ZIP Detection and Salvaging

Apache Tika uses the DefaultZipContainerDetector to detect ZIP-based file formats including plain ZIP archives, OOXML documents (docx, xlsx, pptx), ODF documents (odt, ods, odp), EPUB, JAR files, and many others.

ZIP Salvaging

When a ZIP file is truncated or corrupted in a way that prevents it from being opened normally, Tika can attempt to "salvage" the file by:

  1. Streaming through the local file headers (at the beginning of the ZIP)

  2. Reconstructing a valid ZIP structure with a proper central directory

This allows Tika to extract content from partially downloaded files, truncated archives, or files with damaged central directories.

When Salvaging Occurs

Salvaging only happens when:

  1. The DefaultZipContainerDetector (or a detector that includes it) is used

  2. The detector is called with ParsingIntent.WILL_PARSE in the ParseContext (set automatically by AutoDetectParser)

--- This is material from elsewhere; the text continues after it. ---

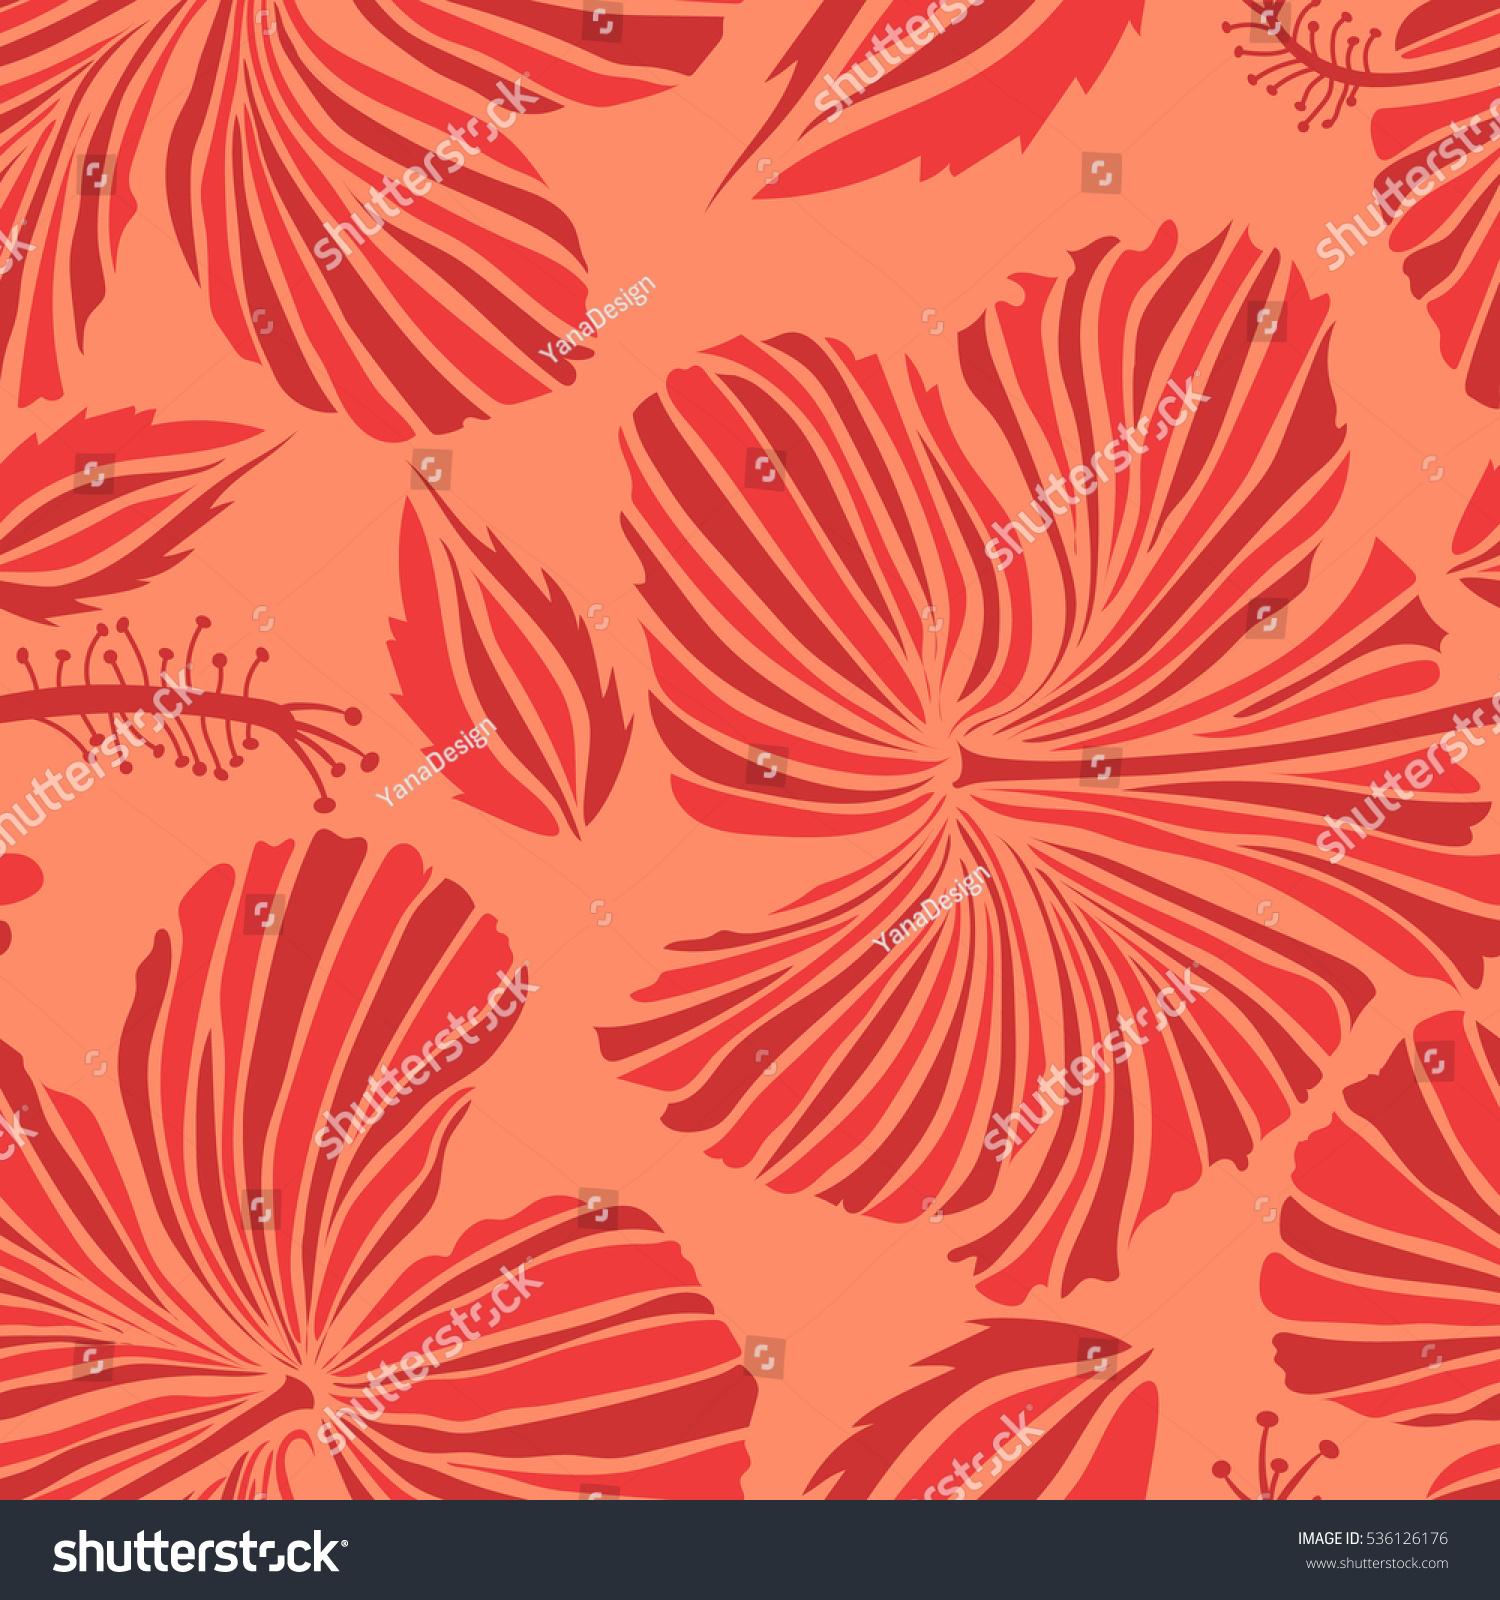 Design Orange Red Colors Invitation Wedding Stock Vector (Royalty ...

  3. The ZIP file cannot be opened directly via ZipFile

Detecting Salvaged Files

When a file is salvaged, Tika sets the following metadata property:

zip:salvaged = true

You can check for this in your code:

import org.apache.tika.metadata.Zip;

boolean wasSalvaged = metadata.getBoolean(Zip.SALVAGED);

Direct Parser Usage

If you call parsers directly without going through AutoDetectParser, or if you use a custom detector that doesn’t include DefaultZipContainerDetector, the salvaging behavior will not apply. In these cases:
  • Truncated or corrupted ZIP files may fail to parse

  • You may get different results compared to using AutoDetectParser

  • The parser will attempt to open the file directly, which may fail

For consistent behavior with truncated files, use AutoDetectParser:

// Recommended: Uses detection with salvaging
AutoDetectParser parser = new AutoDetectParser();
parser.parse(inputStream, handler, metadata, context);

Rather than calling parsers directly:

// Direct parser: No salvaging support
ZipParser parser = new ZipParser();
parser.parse(inputStream, handler, metadata, context);  // May fail on truncated files

Other Detection Hints

The detector also sets additional metadata hints for parsers:

zip:detectorZipFileOpened

true if the detector successfully opened the ZIP as a ZipFile. The ZipFile object is available via TikaInputStream.getOpenContainer() for reuse by parsers.

zip:detectorDataDescriptorRequired

true if streaming detection required DATA_DESCRIPTOR support. This hint helps parsers choose the correct streaming mode.